→ **WHAT NEEDS TO BE DONE**
The listing that follows must be retyped exactly, without its pictures.

→ **DATASET EXTRACT**

>>

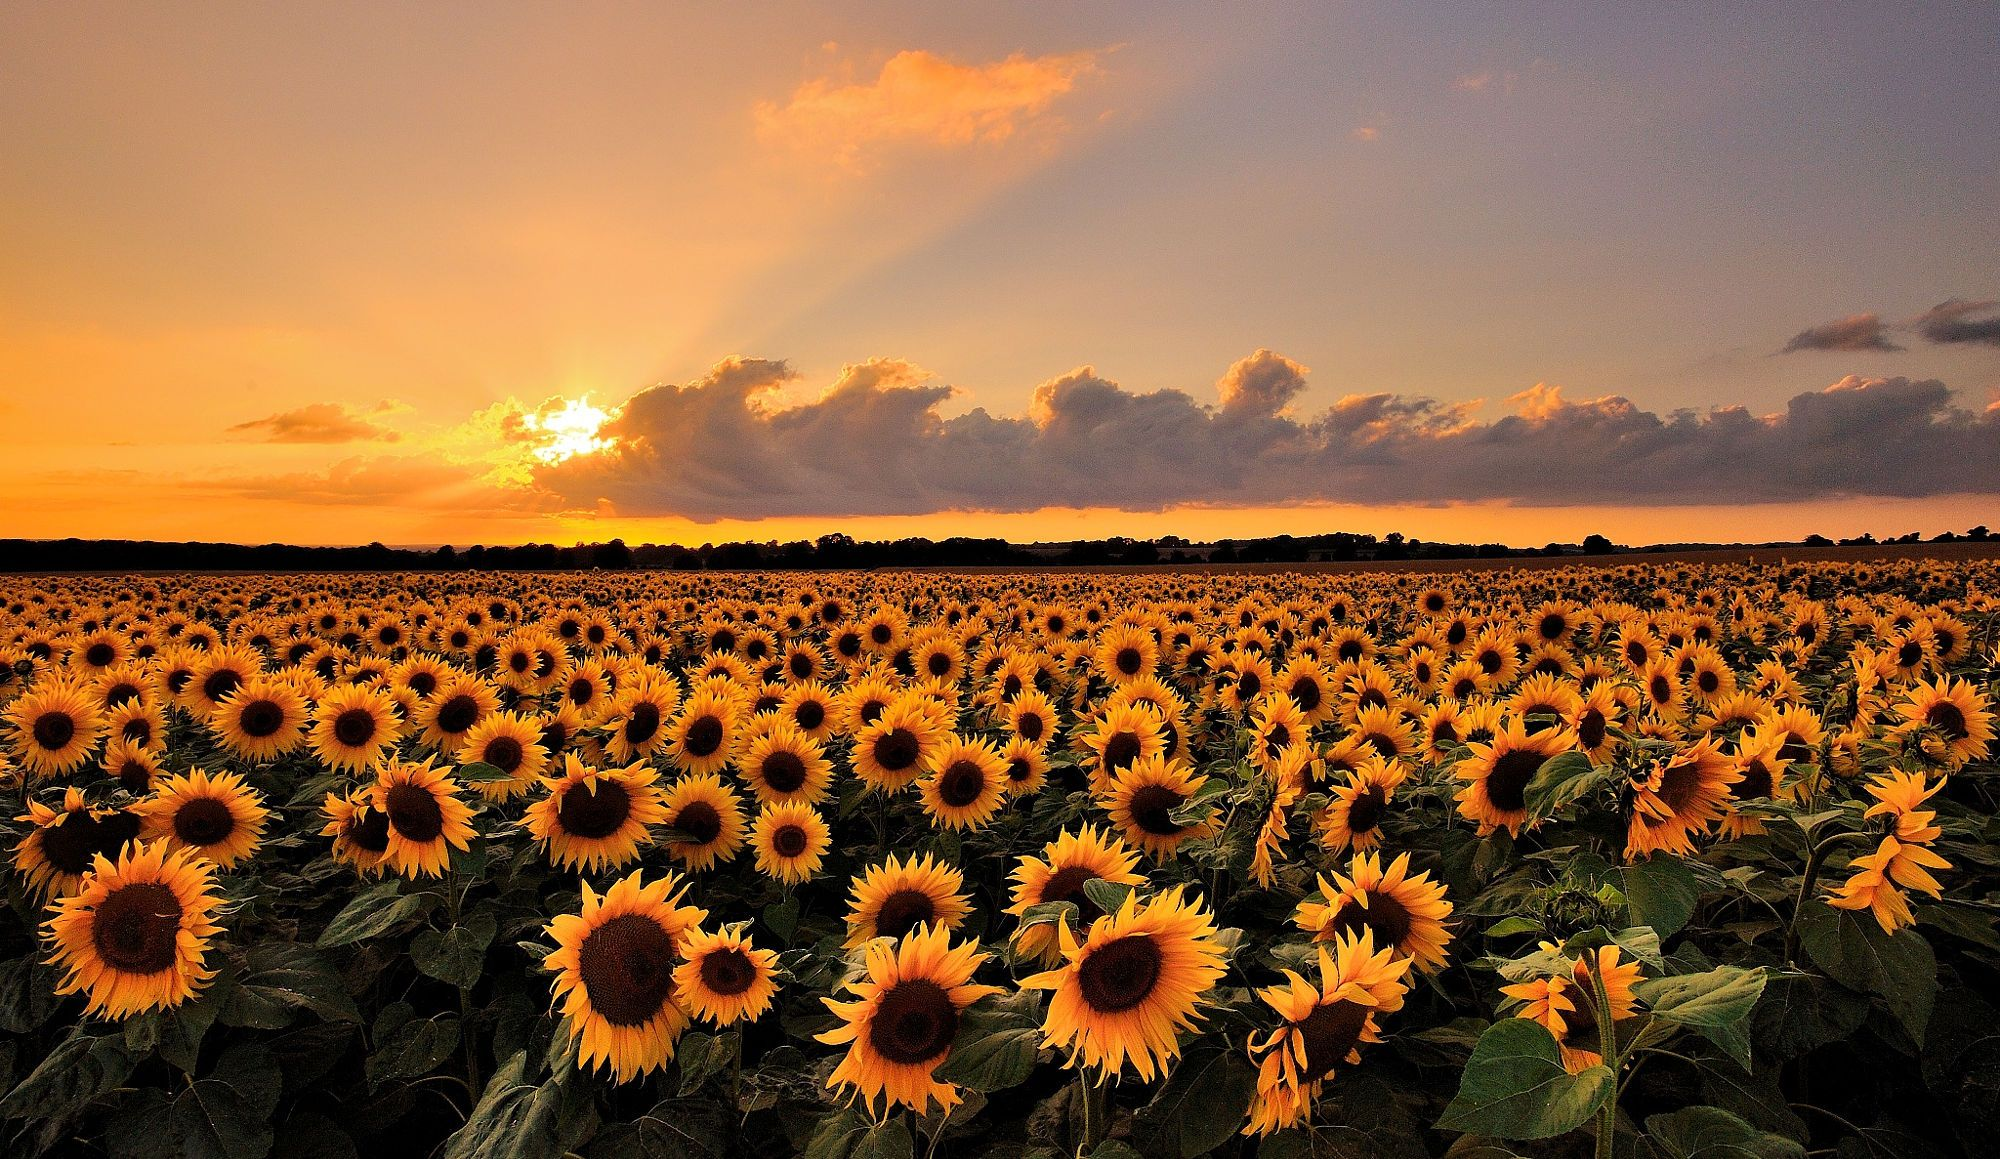 Sunflower Sunset Sunset Landscape Sunflower Sunset Nature Photography
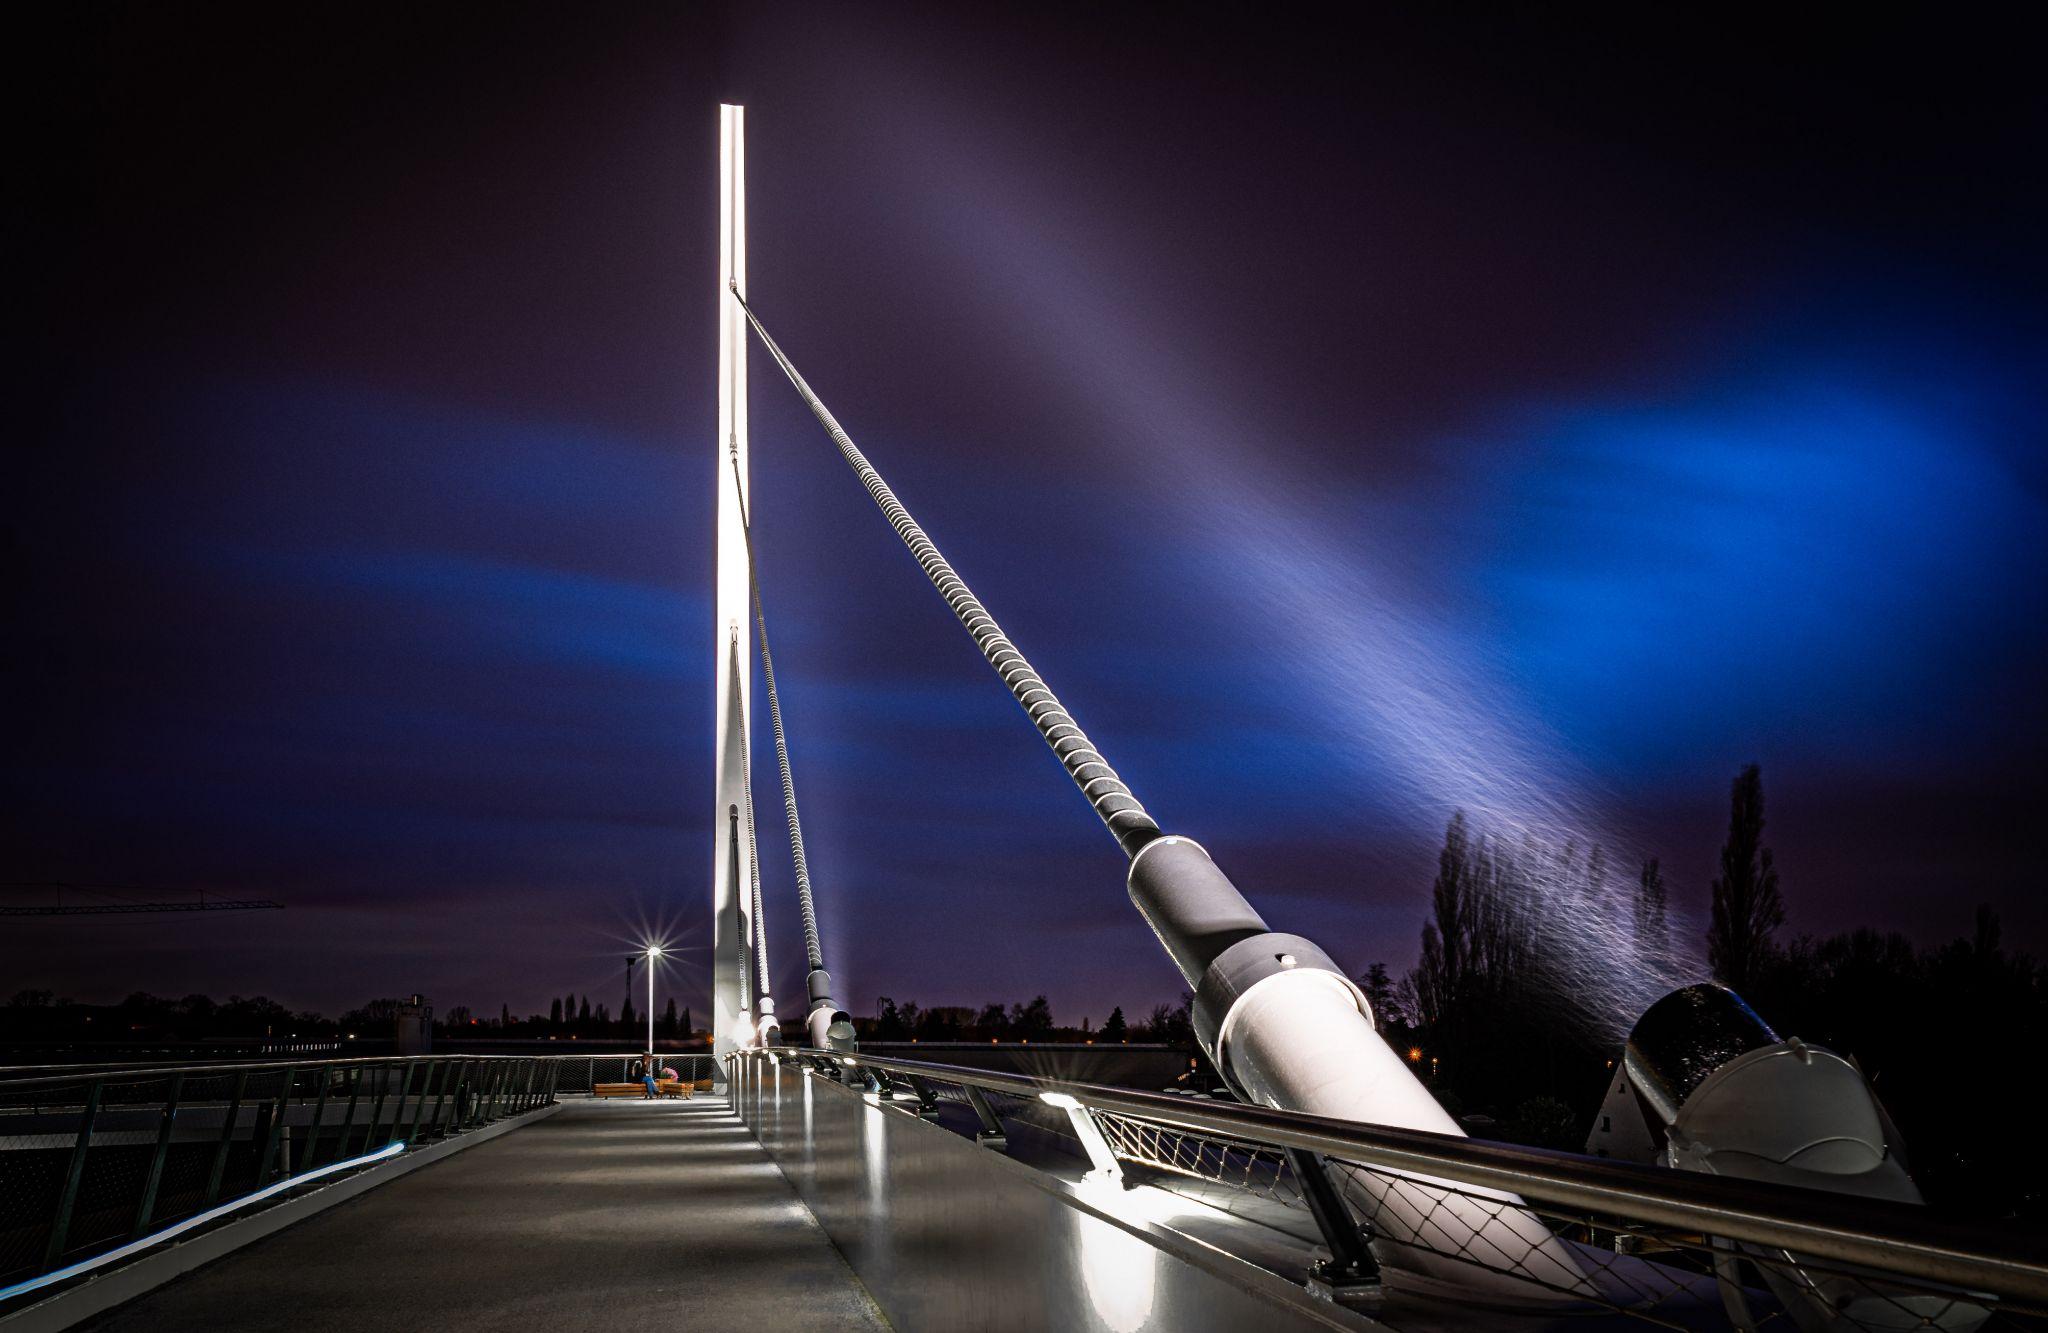 Voetgangersbrug, Belgium
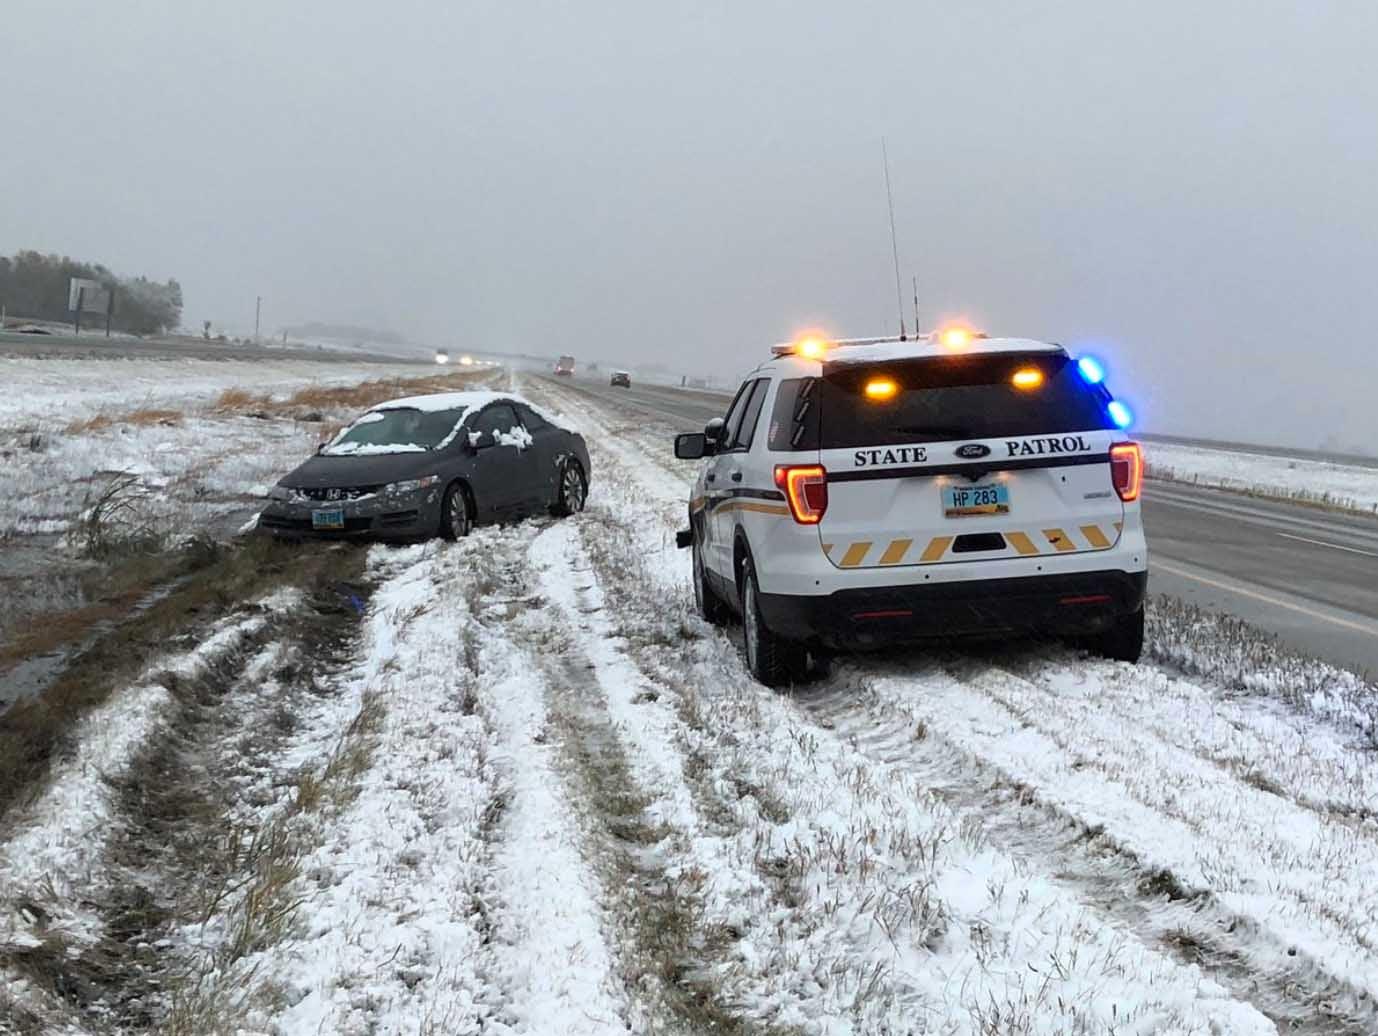 Snowstorm Closes North Dakota Interstates; Highway Patrol Assists Dozens of Stranded Motorists

<<

→ **YOUR RESPONSE**
 Sunflower Sunset Sunset Landscape Sunflower Sunset Nature Photography
 Voetgangersbrug, Belgium
 Snowstorm Closes North Dakota Interstates; Highway Patrol Assists Dozens of Stranded Motorists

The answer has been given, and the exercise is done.